# Buckboard Bacon Cures?



## elkhorn98 (Jun 25, 2009)

I got 2 pork shoulders for buckboard bacon and was thinking to try a wet cure.  Here is the only one I can find online

1 gallon ice cold water 
1/3 cup kosher salt 
1/3 cup molasses 
1 teaspoon Cajun spice 
Cure

Anyone have others?  I have done a homemade dry cure before and it turned out good.  What is the traditional or preferred cure method, wet or dry?  Maybe I'll do one dry and one wet.


----------



## ronp (Jun 25, 2009)

I use Mortons Tender Quick wet and injected.


----------



## elkhorn98 (Jun 25, 2009)

Do you have a recipe to share?  Any tips would be appreciated.


----------



## ronp (Jun 25, 2009)

1 cup TQ 4 cups water.
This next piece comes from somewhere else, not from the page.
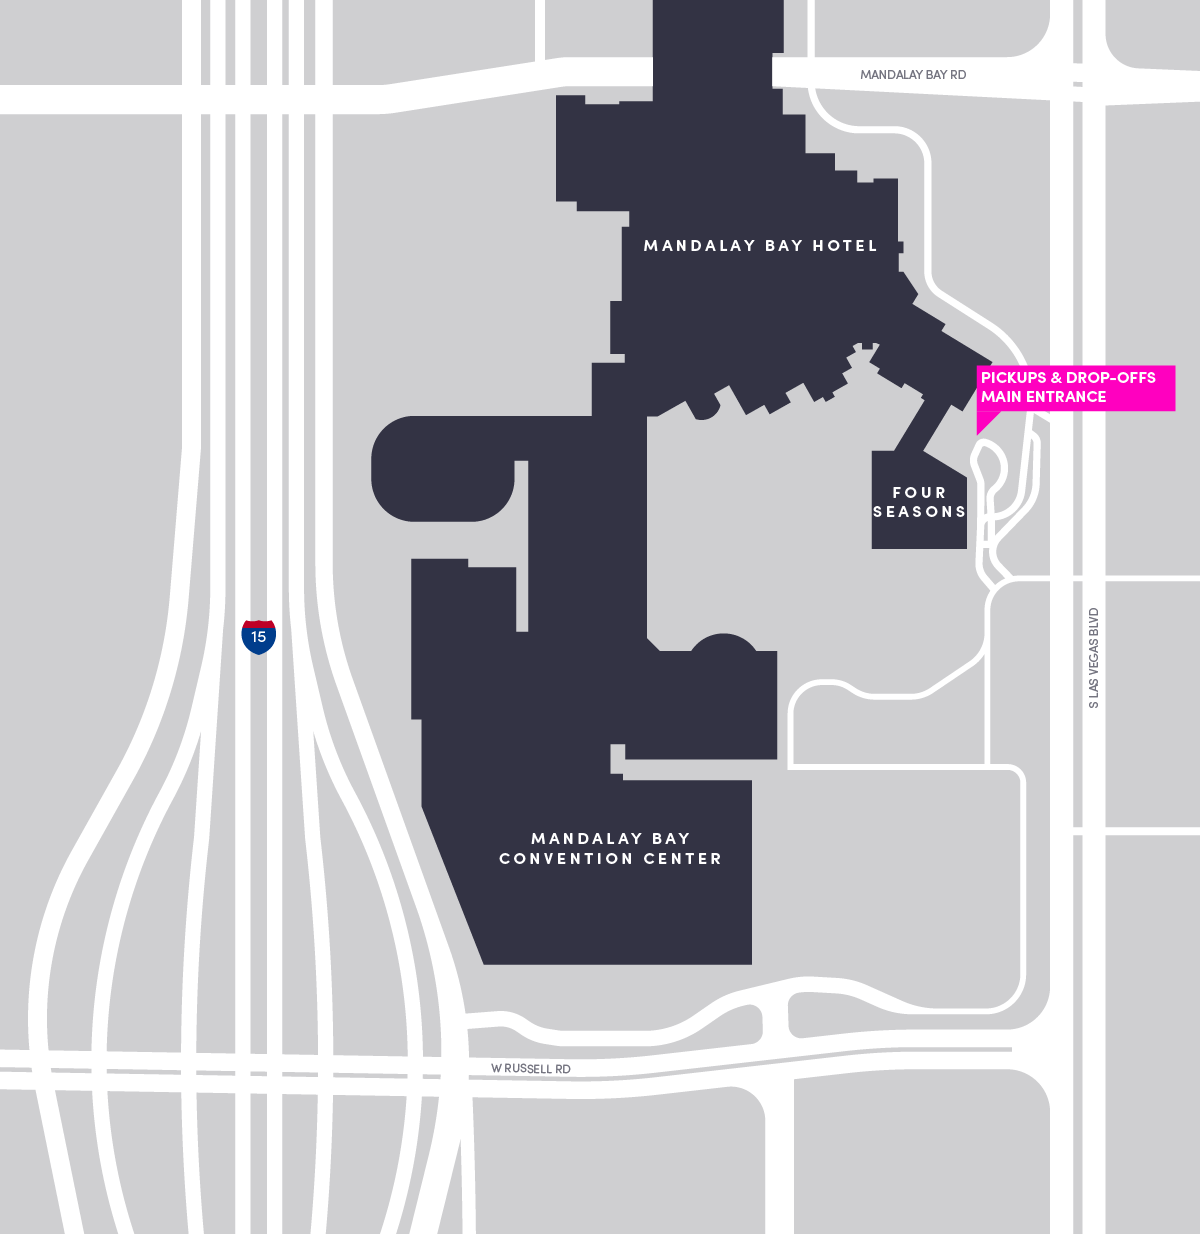 Map of the pickup and drop-off area at Mandalay Bay in Las Vegas.
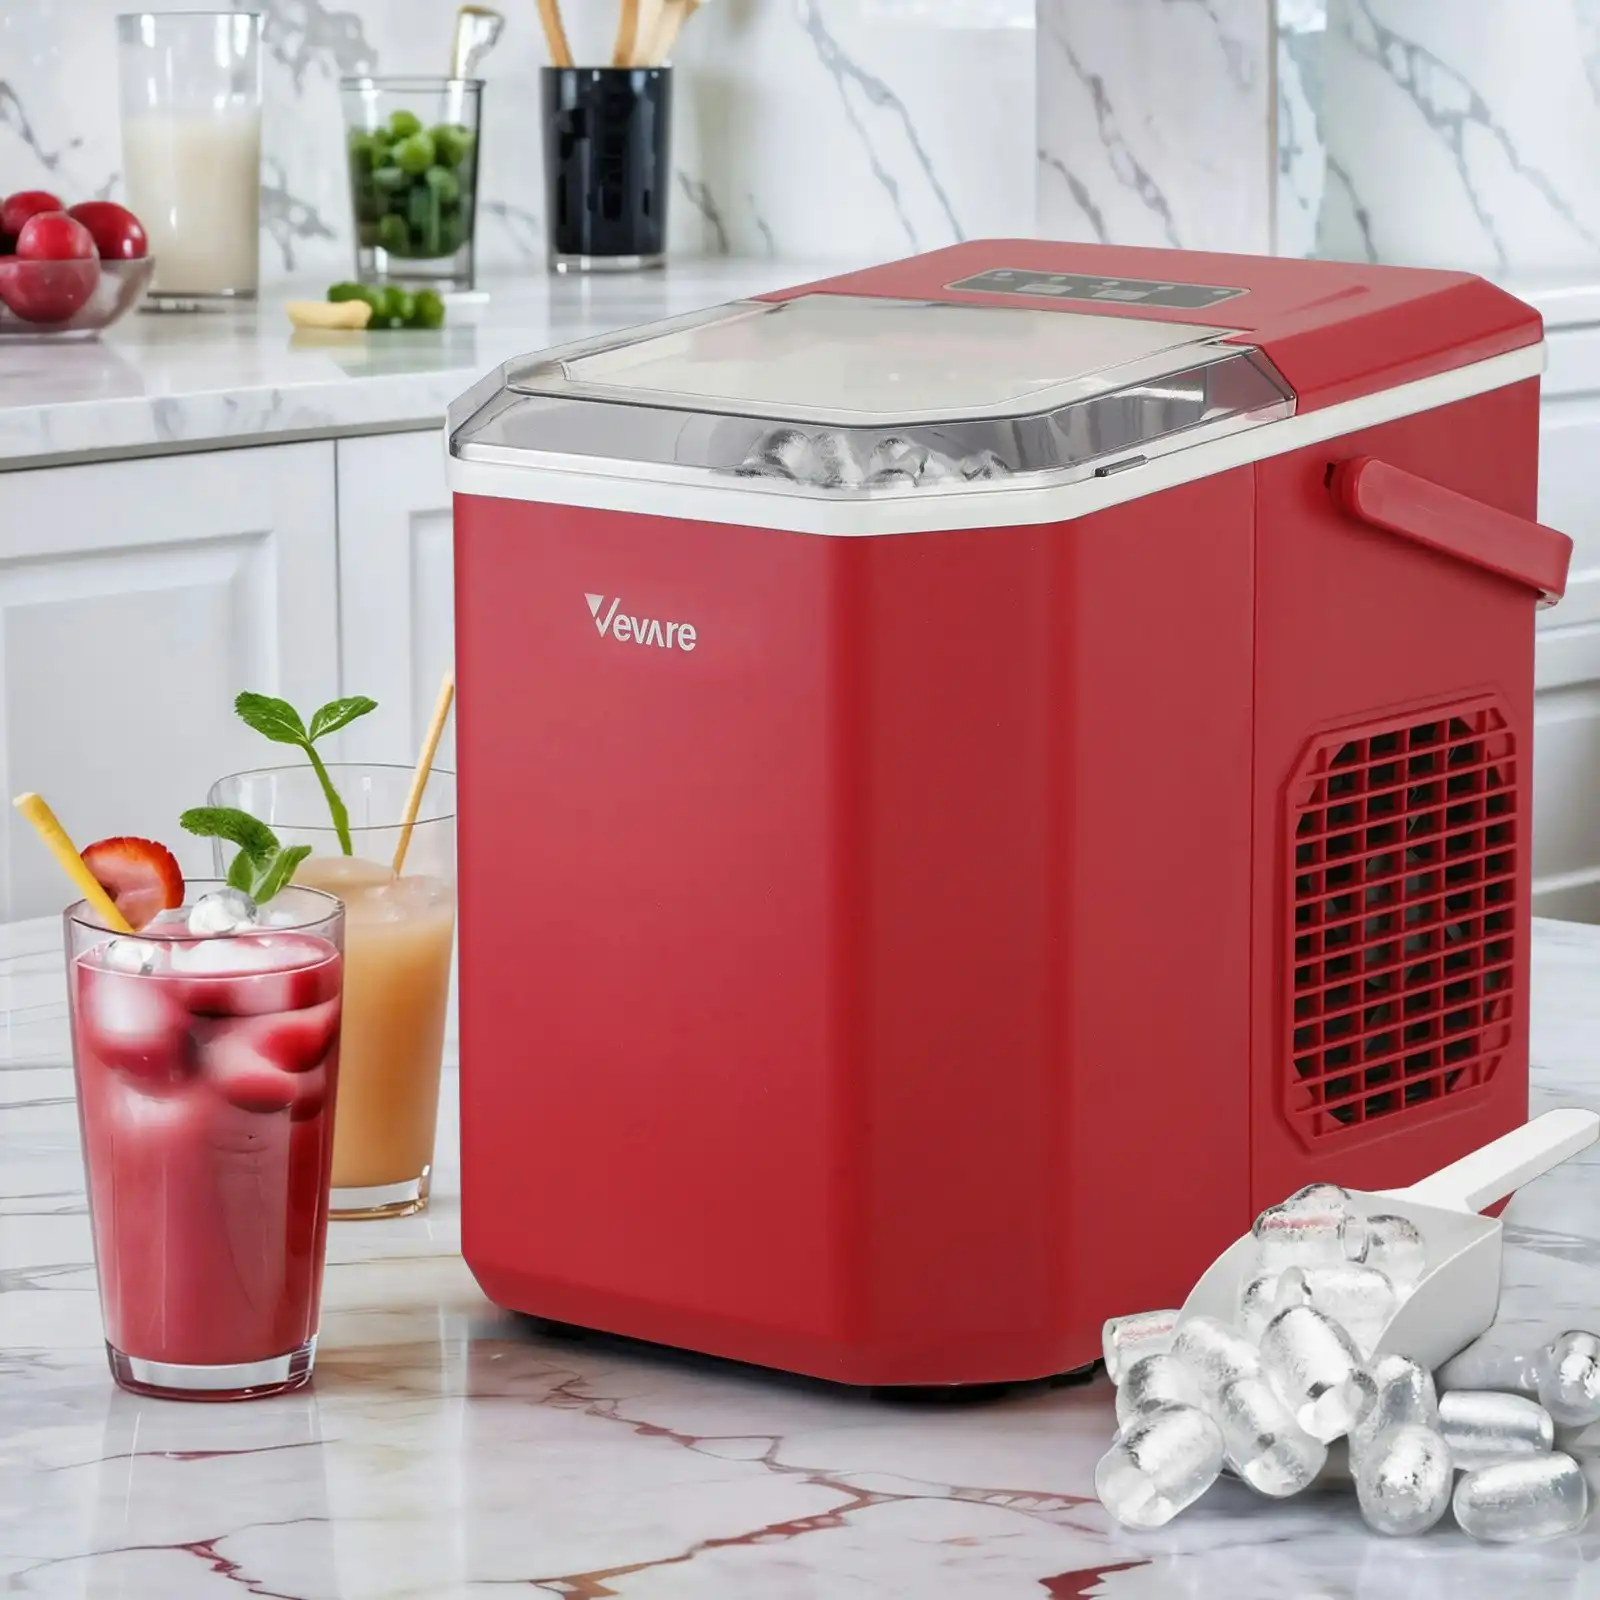 Vevare Portable Ice Maker Machine With Handle Red

Inject, soak, for 2 -3 days. Slice a piece off and do a fry pan test. If too salty, soak in cold water 4 hours or till you are satisfied with the taste.

Good luck!


----------



## desertlites (Jun 26, 2009)

HI Mountian buckboard cure works for me and most my bacon.


----------



## pignit (Jun 26, 2009)

My favorite for the Buckboard is simply cure, garlic, onion powder, and black pepper. I've done the sweet thing and have always come back to the cure, garlic, onion, and pepper. I would leave out the pepper for the brine but add all of it as a rub again when I smoke it. Let us know how it turns out.


----------



## eman (Jun 26, 2009)

Ron,
 So your saying inject the cure then soak the pig in the same cure?
   does this shorten the cure time?


----------



## elkhorn98 (Jun 26, 2009)

I did thw wet cure listed above and a dry cure of tender quick, brown suger, pepper, onion powder, garlic powder and salt.  I did inject the wet one too.  Now I just have to wait awhile.  I'll post a follow up.


----------



## ronp (Jun 27, 2009)

Yes, I usually get it cured in 2 -3 days. I also try and get a small piece from the center and do a fry pan test to see not only the saltiness, but to make sure it is cured to the center.

Let me know if you need any help.


----------